SOURCE DATA:

=======

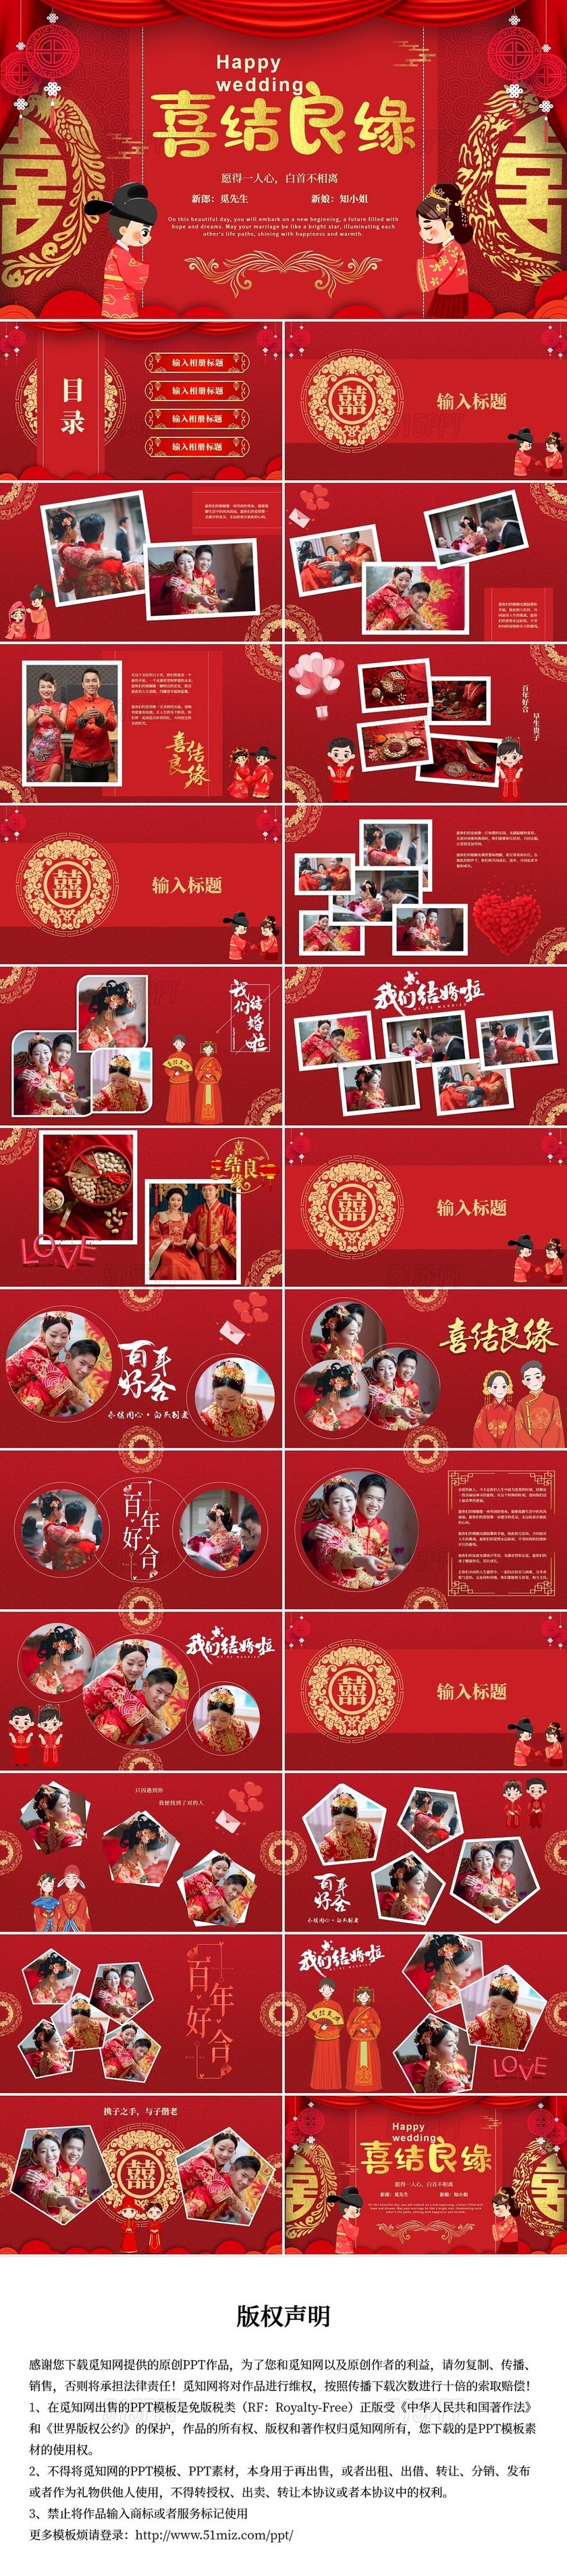 红色中国风中式婚礼相册PPT
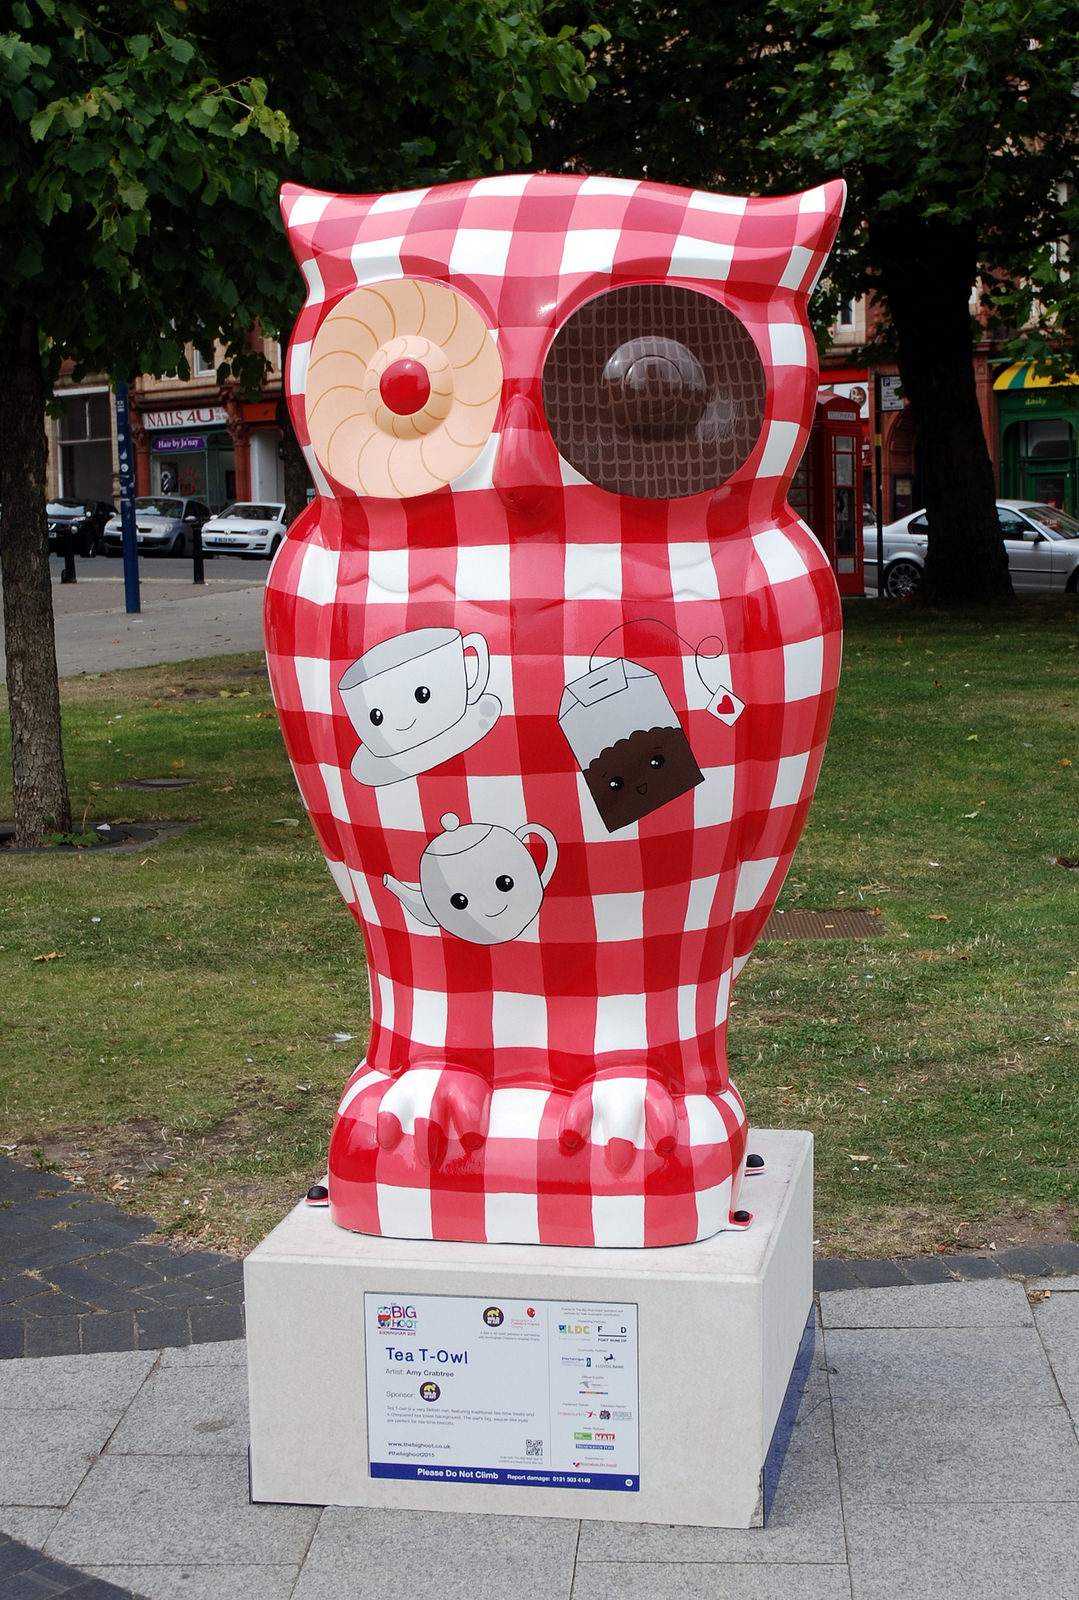 big hoot4 The 2015 Big Hoot Owls in Birmingham
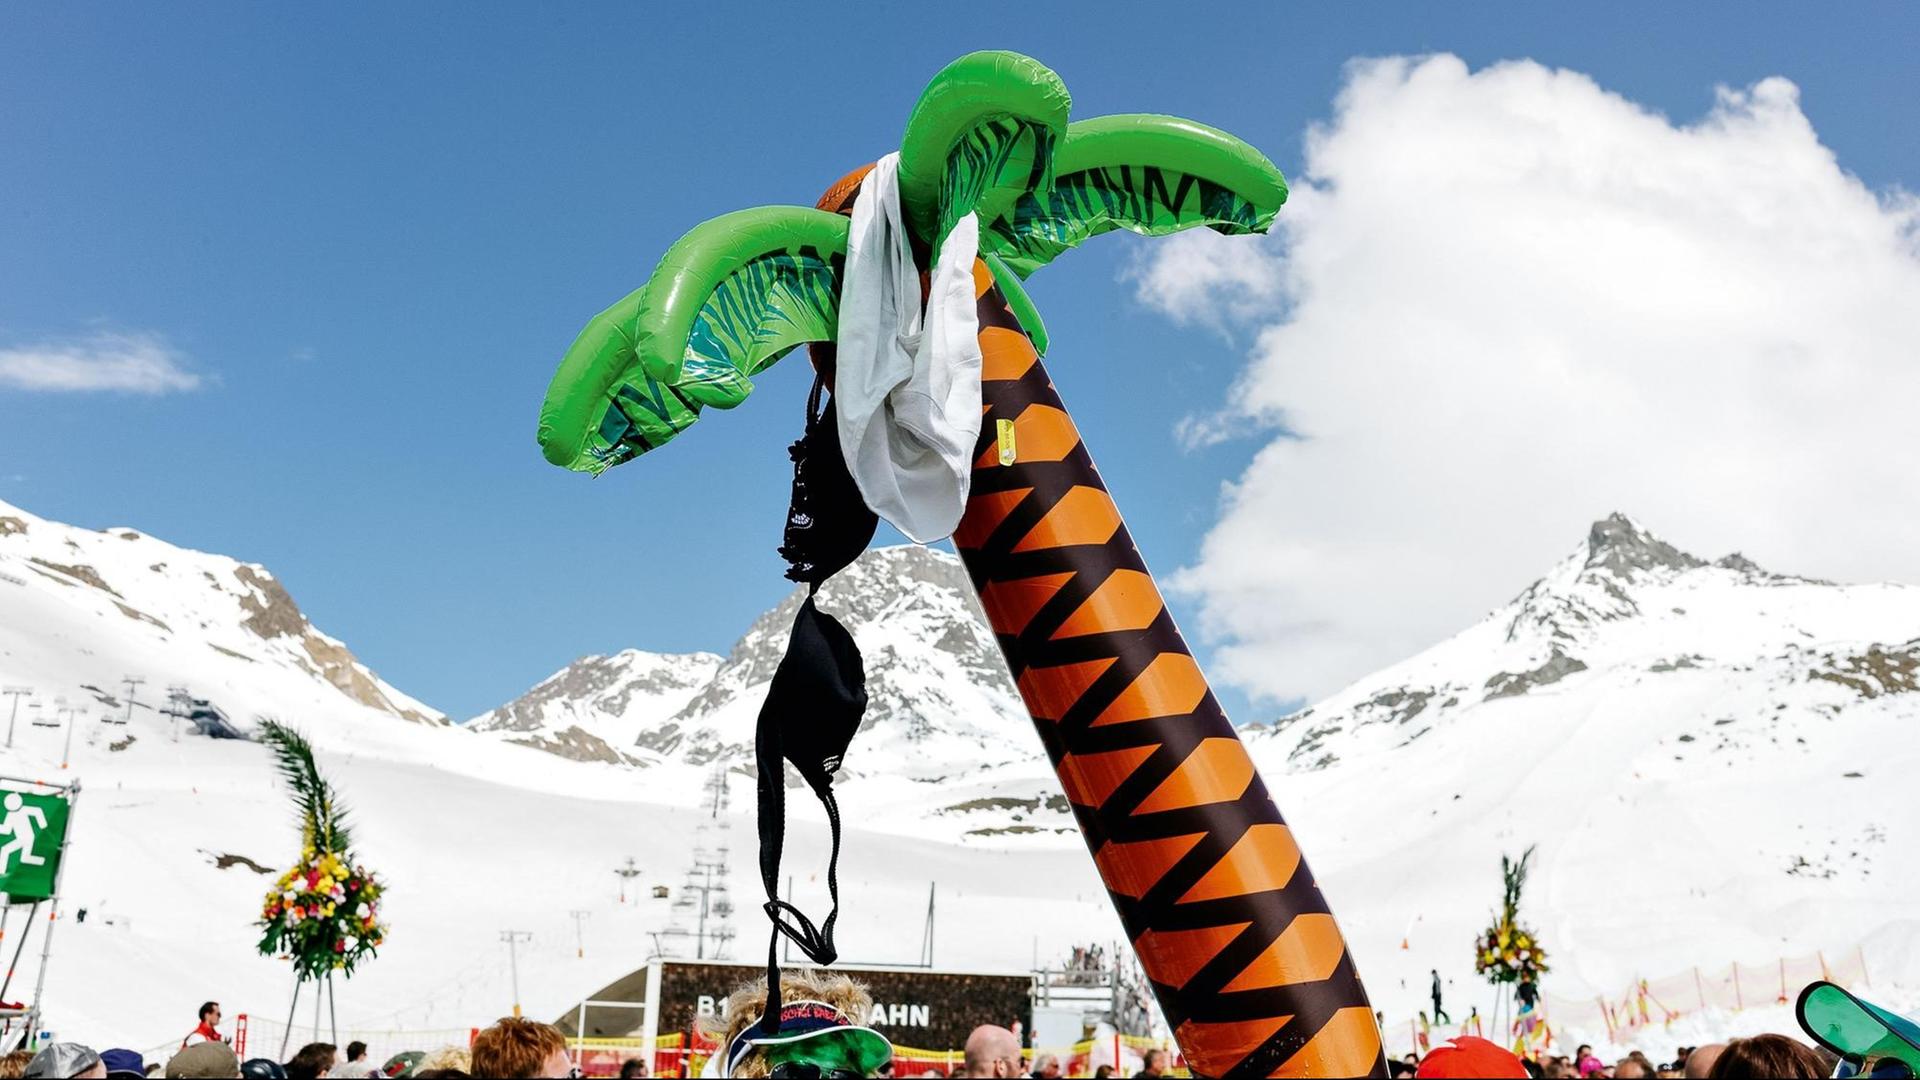 Eine aufblasbare Palme, an der ein BH hängt, steht vor einem schneebedecktem Alpenpanorama.
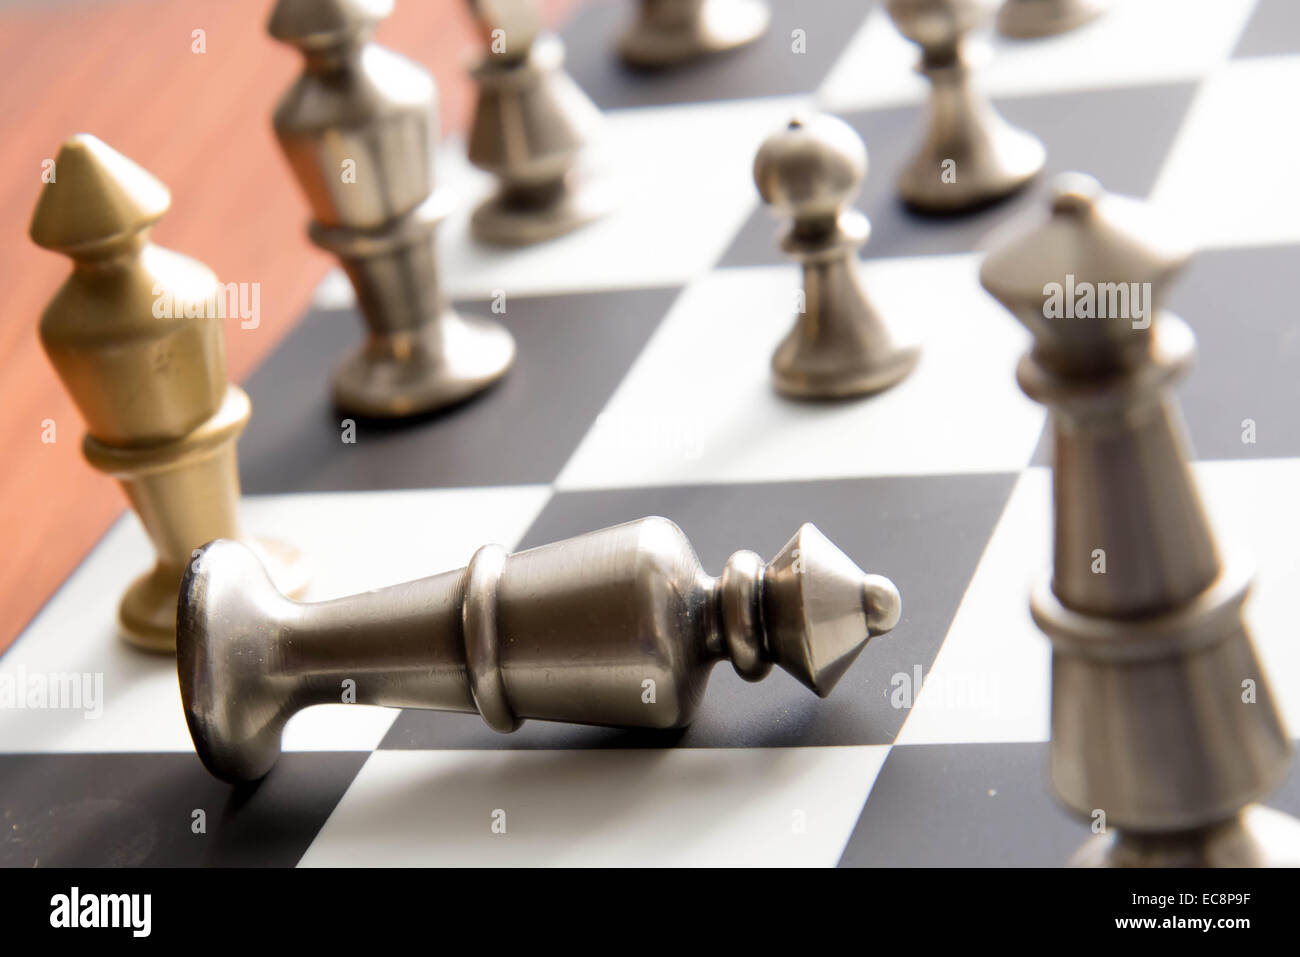 Jeu d'échecs classique - fallen king or on chessboard Banque D'Images

=======

Repeat the whole listing above word for word. Leave out the pictures.

RESPONSE:
 红色中国风中式婚礼相册PPT
 big hoot4 The 2015 Big Hoot Owls in Birmingham
 Eine aufblasbare Palme, an der ein BH hängt, steht vor einem schneebedecktem Alpenpanorama.
 Jeu d'échecs classique - fallen king or on chessboard Banque D'Images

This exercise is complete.